He alone clearly and fully convinces the heart of the evil and guilt and danger of the corruption, lust, or sin to be mortified
November 9, 2007 by Adam Hoagland
I just finished “Of The Mortification Of Sin In Believers” and so this will be the final installment from that treatise. Next week I’ll move to Owen’s treatise, “Of Temptation.”
This has been the third time I’ve read through “Of The Mortification Of Sin In Believers,” and it continues to be rewarding. I would encourage everyone to take some time and read John Owen.
2. I have only, then, to add the heads of the work of the Spirit in this business of mortification, which is so peculiarly ascribed to him.
In one word: This whole work, which I have described as our duty, is effected, carried on, and accomplished by the power of the Spirit, in all the parts and degrees of it; as, —
(1.) He alone clearly and fully convinces the heart of the evil and guilt and danger of the corruption, lust, or sin to be mortified. Without this conviction, or whilst it is so faint that the heart can wrestle with it or digest it, there will be no thorough work made. An unbelieving heart (as in part we have all such) will shift with any consideration, until it be overpowered by clear and evident convictions. Now this is the proper work of the Spirit: “He convinces of sin,” John xvi. 8; he alone can do it. If men’s rational considerations, with the preaching of the letter, were able to convince them of sin, we should, it may be, see more convictions than we do. There comes by the preaching of the word an apprehension upon the understandings of men that they are sinners, that such and such things are sins, that themselves are guilty of them; but this light is not powerful, nor doth it lay hold on the practical principles of the soul, so as to conform the mind and will unto them, to produce effects suitable to such an apprehension. And therefore it is that wise and knowing men, destitute of the Spirit, do not think those things to be sins at all wherein the 86chief movings and actings of lust do consist. It is the Spirit alone that can do, that doth, this work to the purpose. And this is the first thing that the Spirit doth in order to the mortification of any lust whatever, — it convinces the soul of all the evil of it, cuts off all its pleas, discovers all its deceits, stops all its evasions, answers its pretences, makes the soul own its abomination, and lie down under the sense of it. Unless this be done all that follows is in vain.
(2.) The Spirit alone reveals unto us the fulness of Christ for our relief; which is the consideration that stays the heart from false ways and from despairing despondency, 1 Cor. ii 8.

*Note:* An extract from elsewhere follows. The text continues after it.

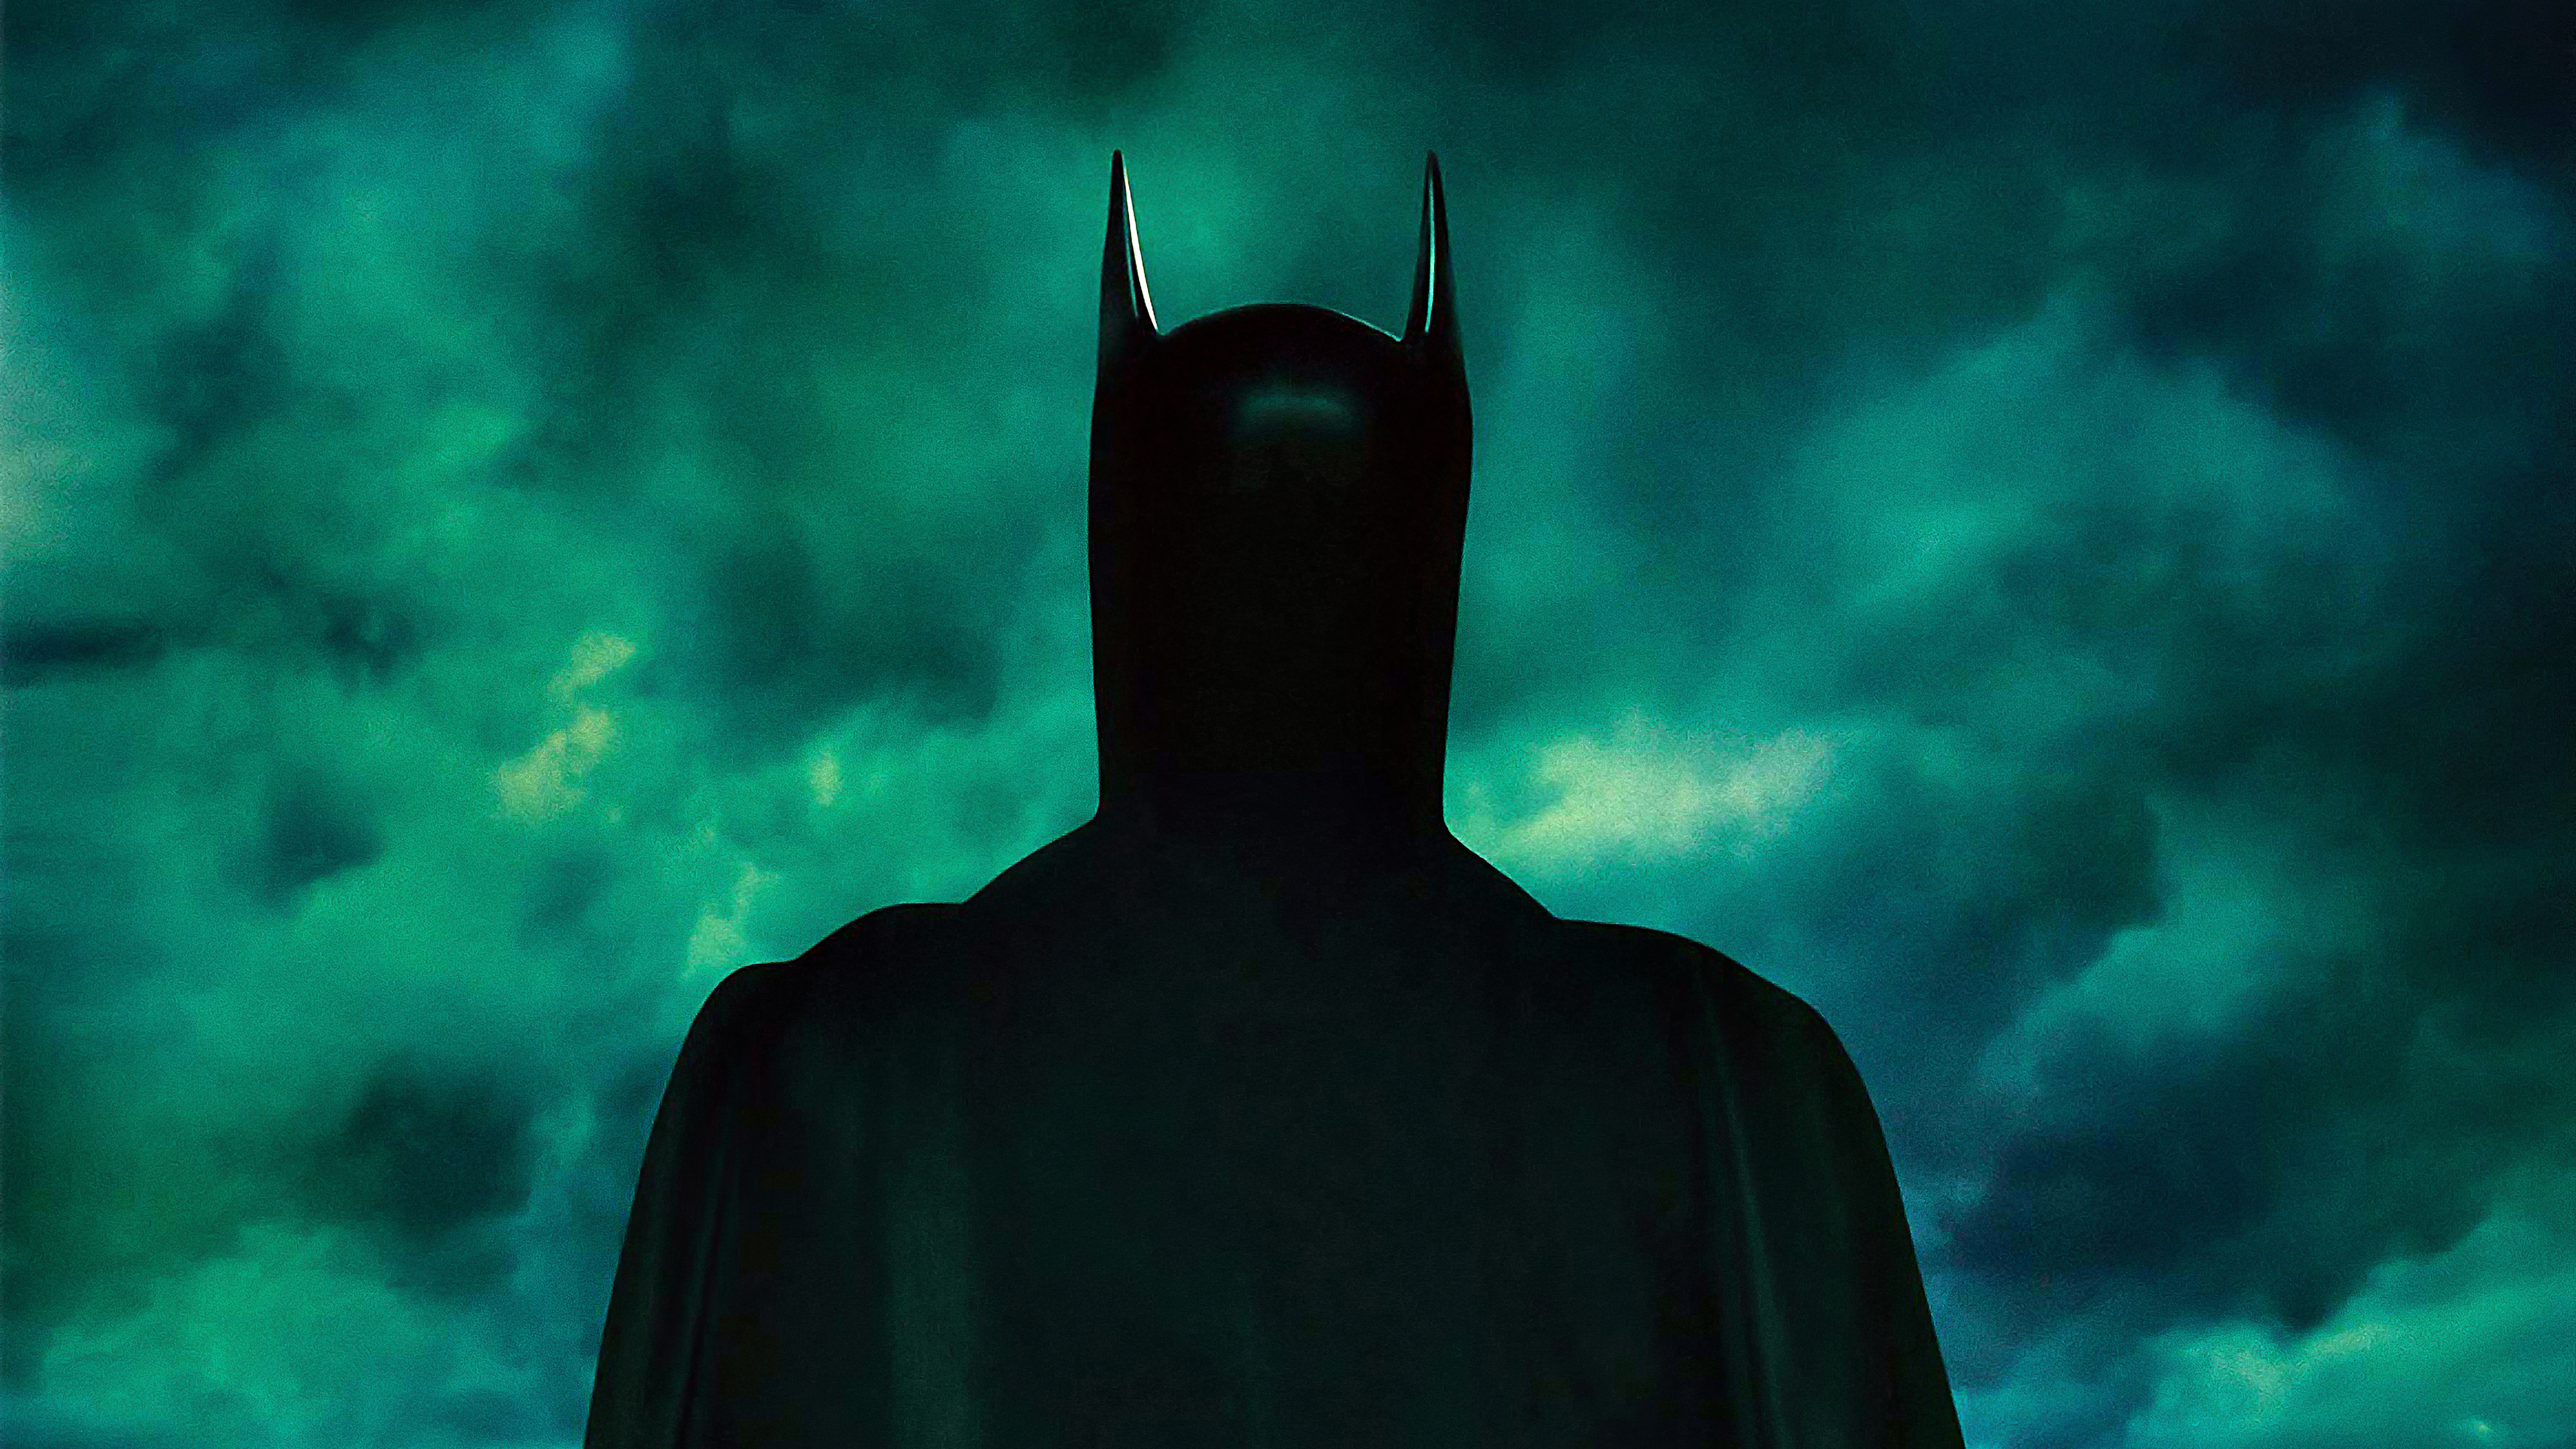 Фото Бэтмен, супергерои, фильмы, фильмы и сериалы - бесплатные картинки на Fonwall
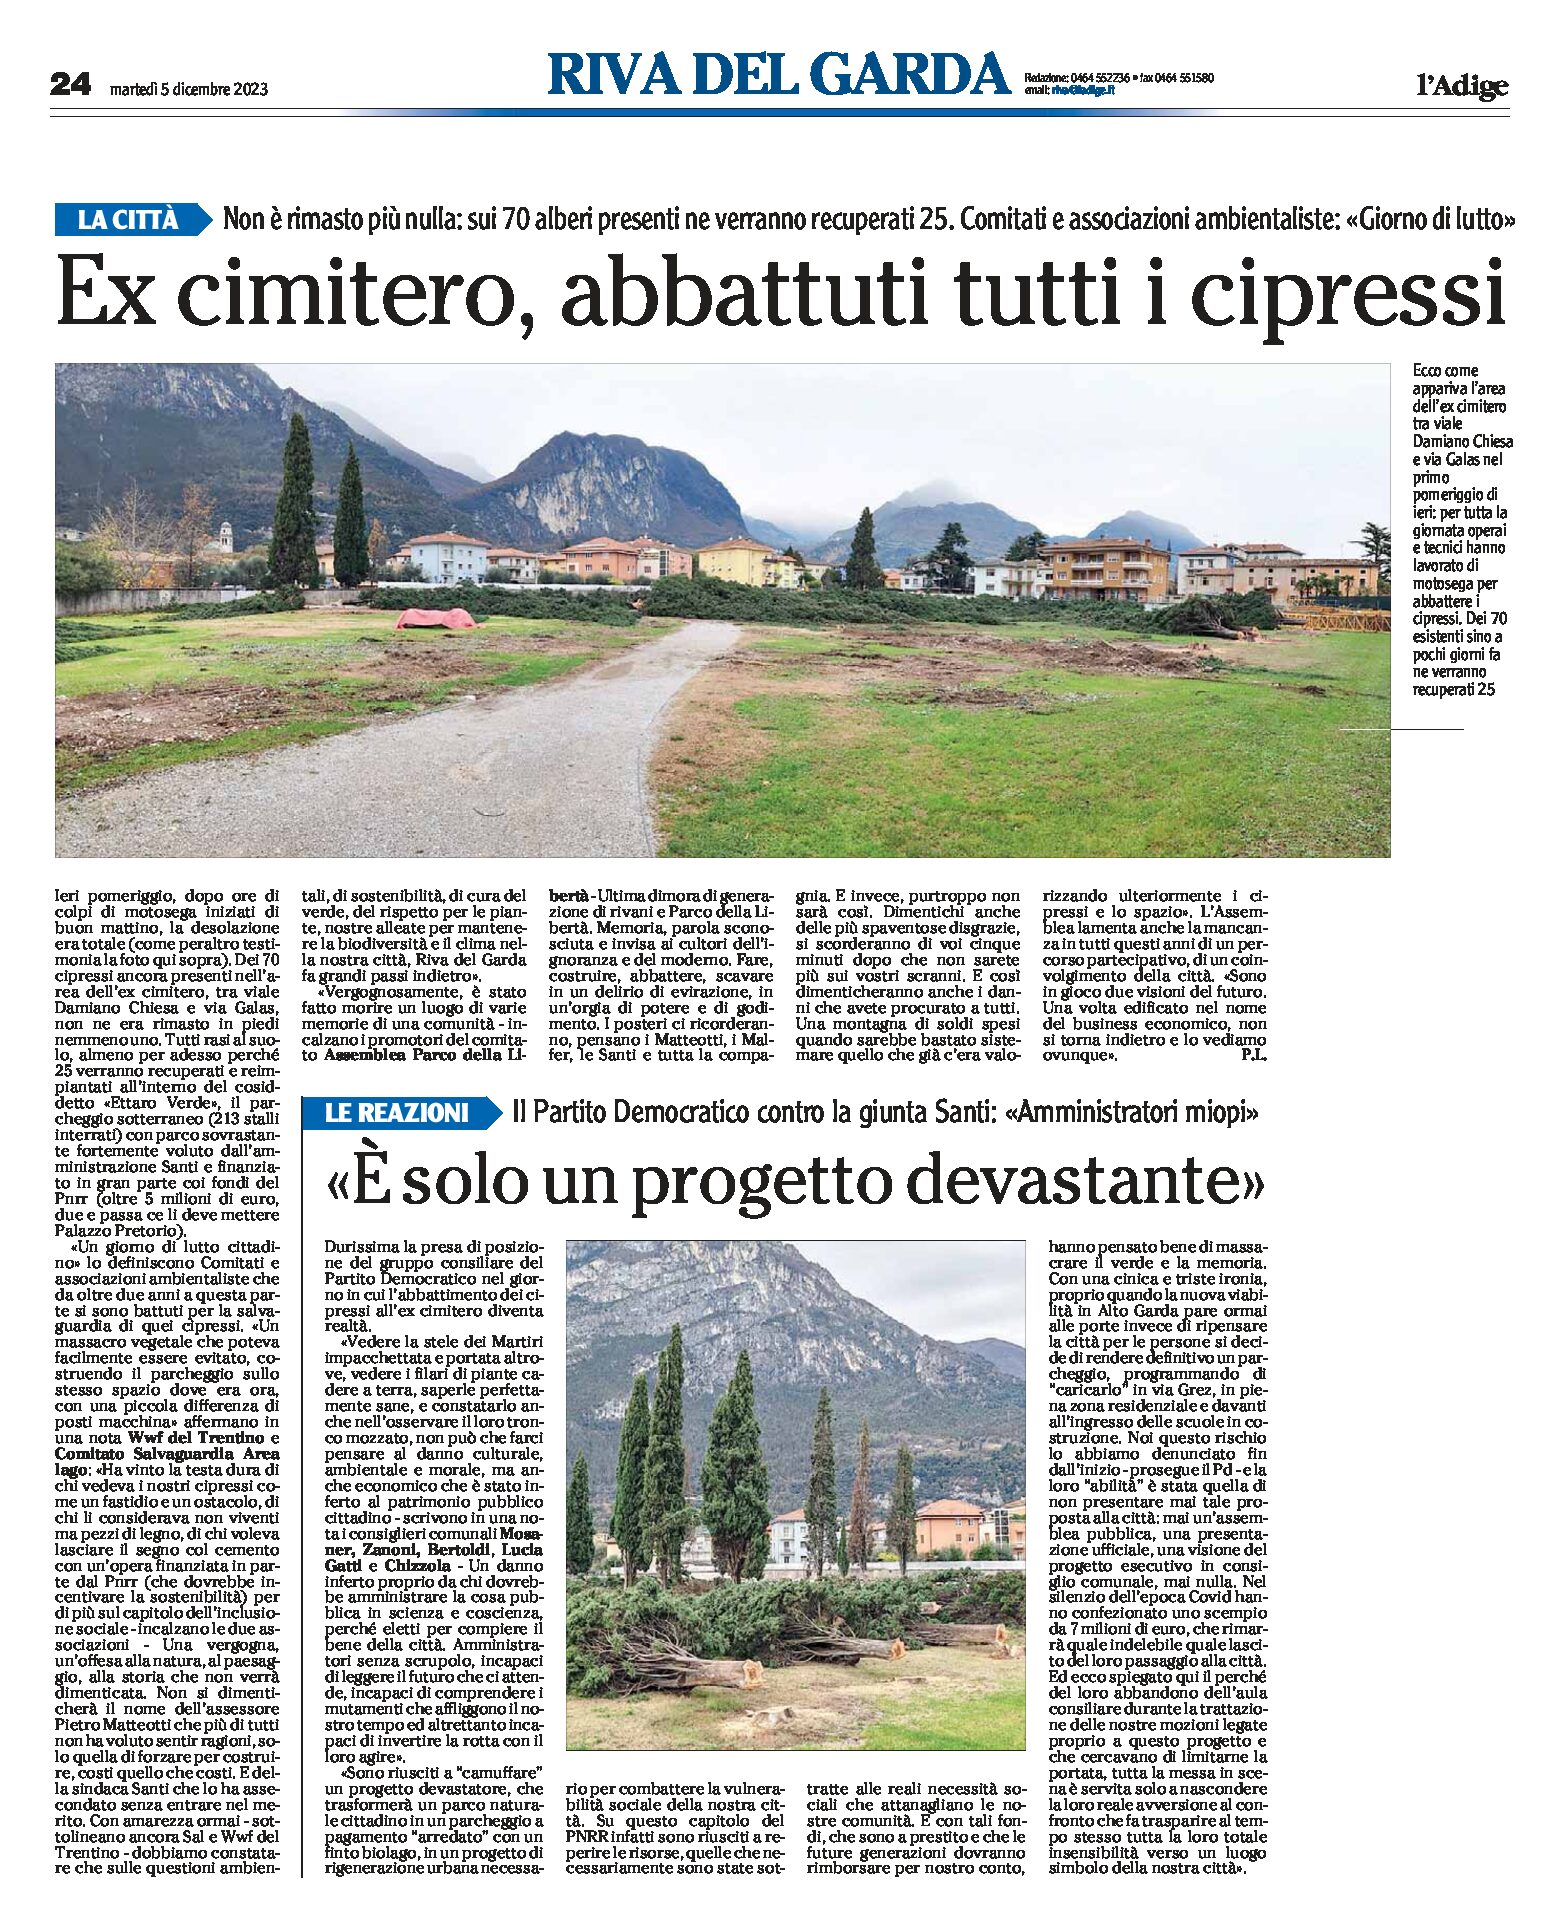 Riva, ex cimitero: abbattuti tutti i cipressi, progetto devastante

(3.) The Spirit alone establishes the heart in expectation of relief from Christ; which is the great sovereign means of mortification, as hath been discovered, 2 Cor. i. 21.
(4.) The Spirit alone brings the cross of Christ into our hearts with its sin-killing power; for by the Spirit are we baptized into the death of Christ.
(5.) The Spirit is the author and finisher of our sanctification; gives new supplies and influences of grace for holiness and sanctification, when the contrary principle is weakened and abated, Eph. iii. 16–18.
(6.) In all the soul’s addresses to God in this condition, it hath supportment from the Spirit. Whence is the power, life, and vigour of prayer? whence its efficacy to prevail with God? Is it not from the Spirit? He is the “Spirit of supplications” promised to them “who look on him whom they have pierced,” Zech. xii. 10, enabling them “to pray with sighs and groans that cannot be uttered,” Rom. viii. 26. This is confessed to be the great medium or way of faith’s prevailing with God. Thus Paul dealt with his temptation, whatever it were: “I besought the Lord that it might depart from me.”44 2 Cor. xii. 8. What is the work of the Spirit in prayer, whence and how it gives us in assistance and makes us to prevail, what we are to do that we may enjoy his help for that purpose, is not my present intendment to demonstrate.